Command-line interfaces (CLIs) are how developers interact with tools daily. Python’s argparse (stdlib) and click (third-party) make building CLIs straightforward.

argparse — Standard Library

  # greet.py
import argparse

def main():
    parser = argparse.ArgumentParser(
        description="Greet people from the command line.",
    )
    parser.add_argument("name", help="Name to greet")
    parser.add_argument(
        "--count", "-c", type=int, default=1,
        help="Number of times to greet",
    )
    parser.add_argument(
        "--loud", action="store_true",
        help="Greet loudly (uppercase)",
    )

    args = parser.parse_args()
    greeting = f"Hello, {args.name}!"

    if args.loud:
        greeting = greeting.upper()

    for _ in range(args.count):
        print(greeting)

if __name__ == "__main__":
    main()
  

Usage:

  python greet.py Alice
python greet.py Bob --count 3 --loud
python greet.py --help
  

Subcommands

  def main():
    parser = argparse.ArgumentParser(prog="tool")
    subparsers = parser.add_subparsers(dest="command", required=True)

    # create command
    create_parser = subparsers.add_parser("create", help="Create a resource")
    create_parser.add_argument("name")

    # delete command
    delete_parser = subparsers.add_parser("delete", help="Delete a resource")
    delete_parser.add_argument("id", type=int)

    args = parser.parse_args()

    if args.command == "create":
        print(f"Creating {args.name}")
    elif args.command == "delete":
        print(f"Deleting ID {args.id}")
  
  python tool.py create myproject
python tool.py delete 42
  

Click — Elegant CLI Framework

  pip install click
  
  import click

@click.group()
def cli():
    """My CLI tool."""
    pass

@cli.command()
@click.argument("name")
@click.option("--count", "-c", default=1, help="Number of greetings")
@click.option("--loud", is_flag=True, help="Greet loudly")
def greet(name, count, loud):
    """Greet someone."""
    greeting = f"Hello, {name}!"
    if loud:
        greeting = greeting.upper()
    for _ in range(count):
        click.echo(greeting)

@cli.command()
@click.argument("filename", type=click.Path(exists=True))
@click.option("--format", type=click.Choice(["json", "csv"]), default="json")
def convert(filename, format):
    """Convert a file to another format."""
    click.echo(f"Converting {filename} to {format}")

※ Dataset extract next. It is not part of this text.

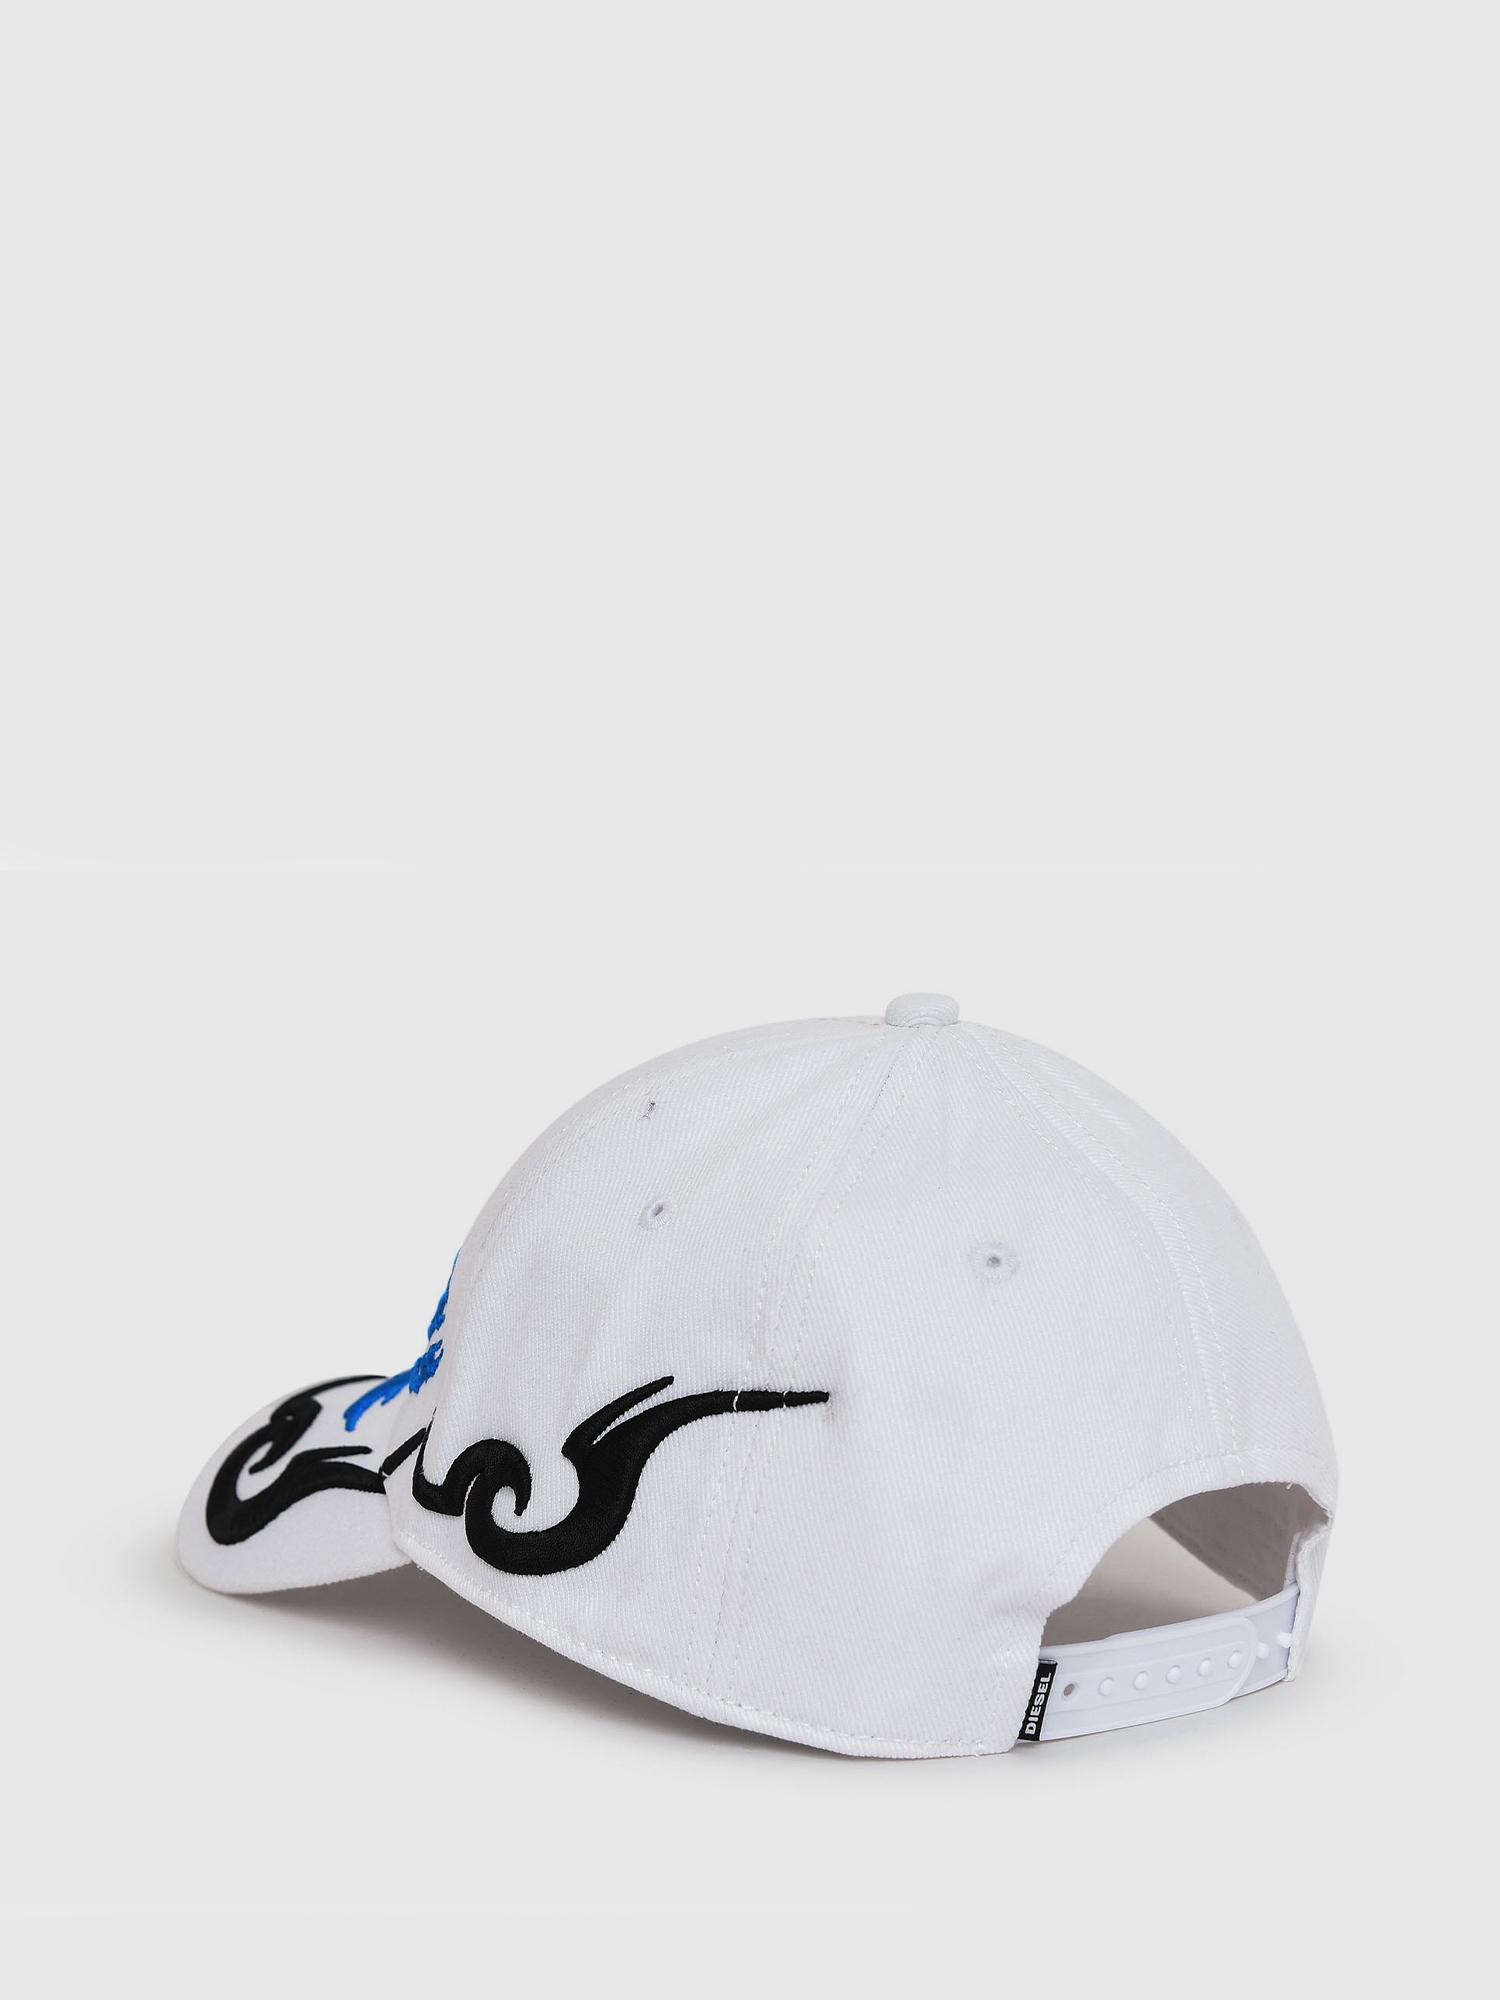 Diesel - DRIBALE, White - Caps - Image 2
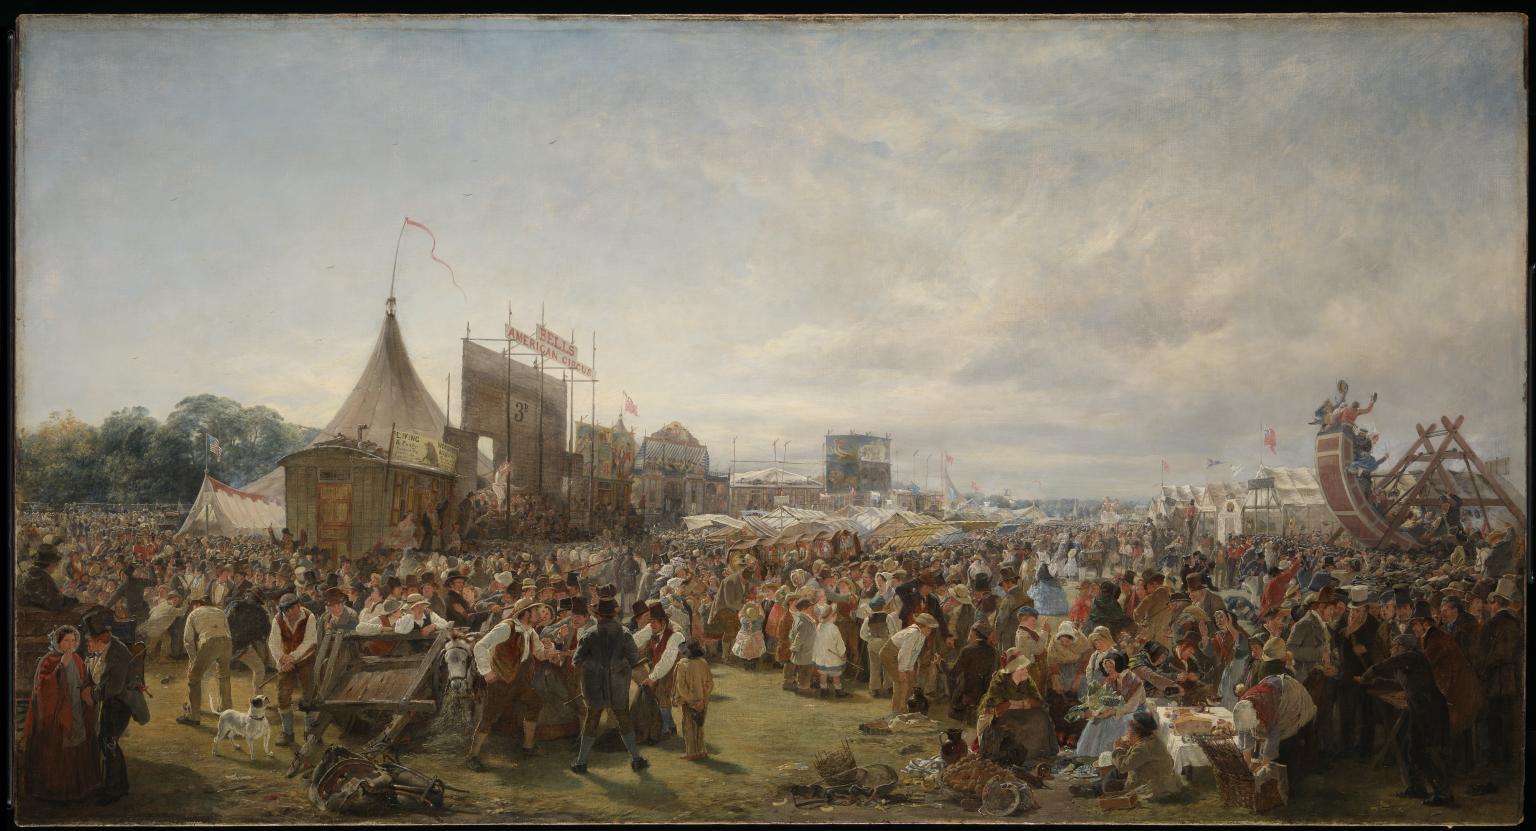 Donnybrook Fair 1859 by Erskine Nicol 1825-1904

if __name__ == "__main__":
    cli()
  
  python cli.py greet Alice --count 3 --loud
python cli.py convert data.csv --format json
python cli.py --help
  

Interactive Prompts

  import click

@click.command()
def setup():
    name = click.prompt("Project name")
    use_docker = click.confirm("Use Docker?")
    env = click.prompt(
        "Environment",
        type=click.Choice(["dev", "staging", "prod"]),
        default="dev",
    )
    click.echo(f"Setting up {name} ({env}), Docker: {use_docker}")
  

Progress Bars

  import click
import time

@click.command()
def process():
    items = range(100)
    with click.progressbar(items, label="Processing") as bar:
        for item in bar:
            time.sleep(0.01)
  

Packaging as an Installable CLI

In pyproject.toml:

  [project.scripts]
mytool = "myapp.cli:main"
  

After pip install -e ., run from anywhere:

  mytool greet Alice
  

argparse vs Click

Feature argparse Click
Dependency stdlib third-party
Syntax verbose decorator-based
Subcommands manual setup built-in groups
Colors/prompts manual built-in
Testing parse_args() CliRunner
  # Testing Click apps
from click.testing import CliRunner

def test_greet():
    runner = CliRunner()
    result = runner.invoke(greet, ["Alice", "--loud"])
    assert result.exit_code == 0
    assert "HELLO, ALICE!" in result.output
  

CLIs are the fastest way to automate workflows and share tools with your team.